Issuing 0.57 New Shares per 1 Old Share in Guju... Raising 17.7 Billion Won
Plan to Improve Financial Soundness Indicators by Expanding Capital
[Asia Economy Reporter Hyungsoo Park] Koiz has launched another capital increase just six months after raising funds through a paid-in capital increase in the first half of this year. While sales in its core LCD business division are declining, fixed costs and financial expenses are increasing, worsening its financial soundness. The production of aluminum oxide (Al2O3), a new business being pursued, requires more operating funds than initially planned due to rising raw material prices.
According to the Financial Supervisory Service's electronic disclosure system on the 20th, Koiz is proceeding with a paid-in capital increase through a rights offering followed by a general public offering of unsubscribed shares, issuing 0.568 new shares per existing share. It will issue 11 million new shares at 1,610 KRW per share, raising 17.7 billion KRW. The raised funds will be used as operating capital for facility investment for new factory construction, debt repayment funds for loan repayment, and raw material purchase costs.
Previously, Koiz raised funds through a paid-in capital increase worth 8.5 billion KRW in June. The company explained that it is raising funds again to expand capital and improve financial soundness indicators.
Last year, it recorded a continuing business loss before corporate tax exceeding 50% of its equity capital. If the continuing business loss before corporate tax exceeds 50% of equity capital this year or next year, it may be designated as a management item. In the first half of this year, it recorded a continuing business loss before corporate tax of 3.6 billion KRW. This corresponds to 39.5% of its equity capital of 9.2 billion KRW. Koiz expressed concern that if the net loss for the second half of this year exceeds 4.2 billion KRW, it may meet the criteria for inclusion in management items due to capital erosion. The company plans to alleviate concerns about capital erosion by expanding capital through the paid-in capital increase and improving its financial structure.
The external auditor, Samil Accounting Corporation, emphasized significant uncertainties related to the going concern in its review report for the first half of this year. As of the end of last year, current liabilities exceeded current assets, raising doubts about the company's ability to continue as a going concern. Koiz's sales sharply declined due to continued sluggish orders from major customers. Last year's sales decreased by 56.2% compared to the previous year, and sales in the first half of this year fell by 44.6%. Operating losses and net losses have continued since 2020. As of the first half of this year, the consolidated debt ratio was 234.04%, and the loan dependency ratio was 51.96%.
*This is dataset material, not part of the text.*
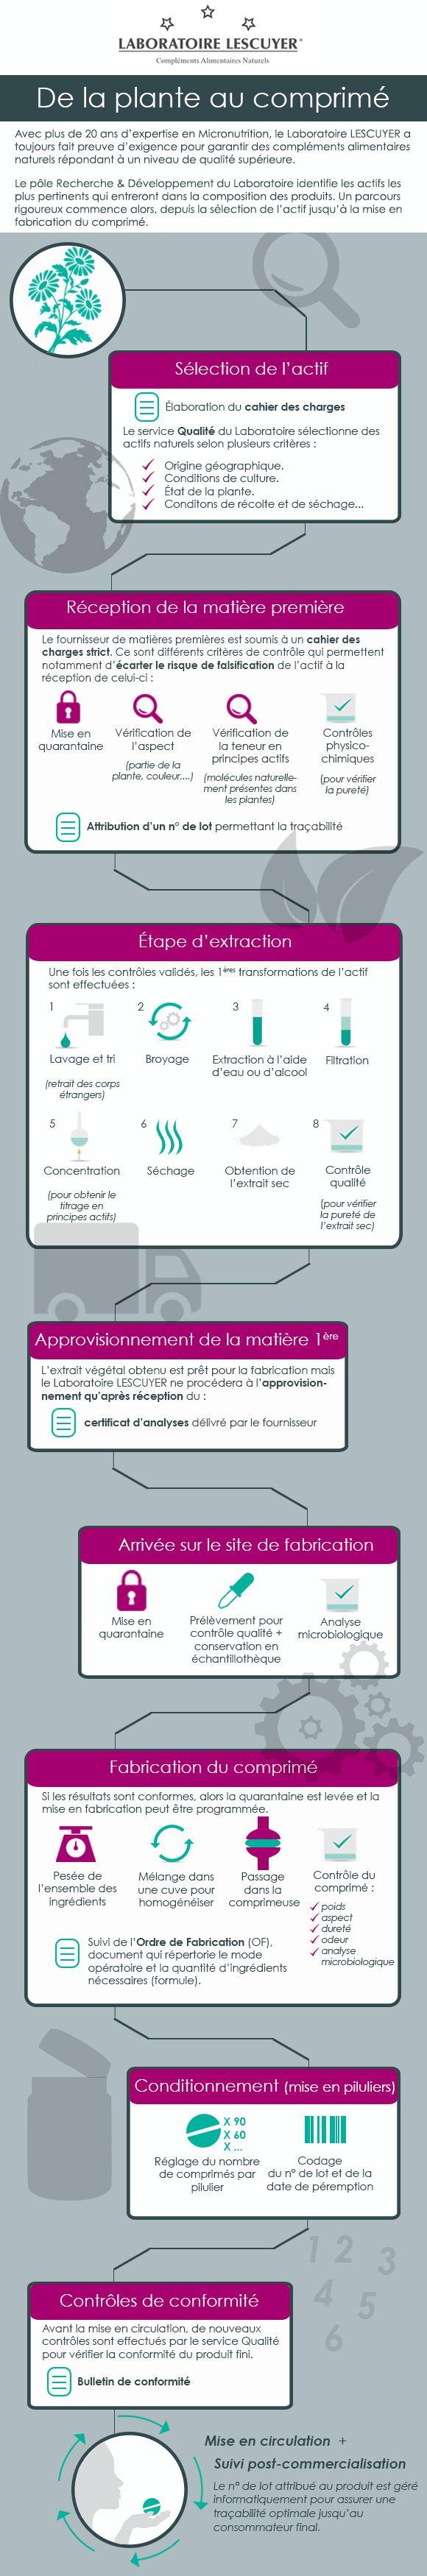 #infographie - De la plante au comprimé

Along with improving its financial structure through the paid-in capital increase, Koiz is also pursuing business diversification. It plans to mass-produce aluminum oxide (Al2O3), which is used in nickel-cobalt-aluminum (NCA) cathode active materials for secondary batteries. It has only completed coin cell evaluation approval from customers, and product evaluation following mass production after actual facility investment has not yet been completed. Investments are expected to continue until the new business yields concrete results. Among the funds raised through the capital increase, 10.5 billion KRW will be used for aluminum oxide facility investment. The company is investing to establish an annual production capacity of 10 tons and plans to build facilities capable of producing 100 tons annually by next year.
Major shareholder and CEO Jae-hyung Cho holds 26.02% (5,104,378 shares) of Koiz's shares. He will acquire 30% of the allocated new shares, amounting to 870,000 shares. After the paid-in capital increase, his shareholding ratio may decrease to 19.51%. Eugene Investment & Securities, the lead manager of the capital increase, has agreed to underwrite the final unsubscribed shares. The underwriting fee is 18.0% of the subscription amount.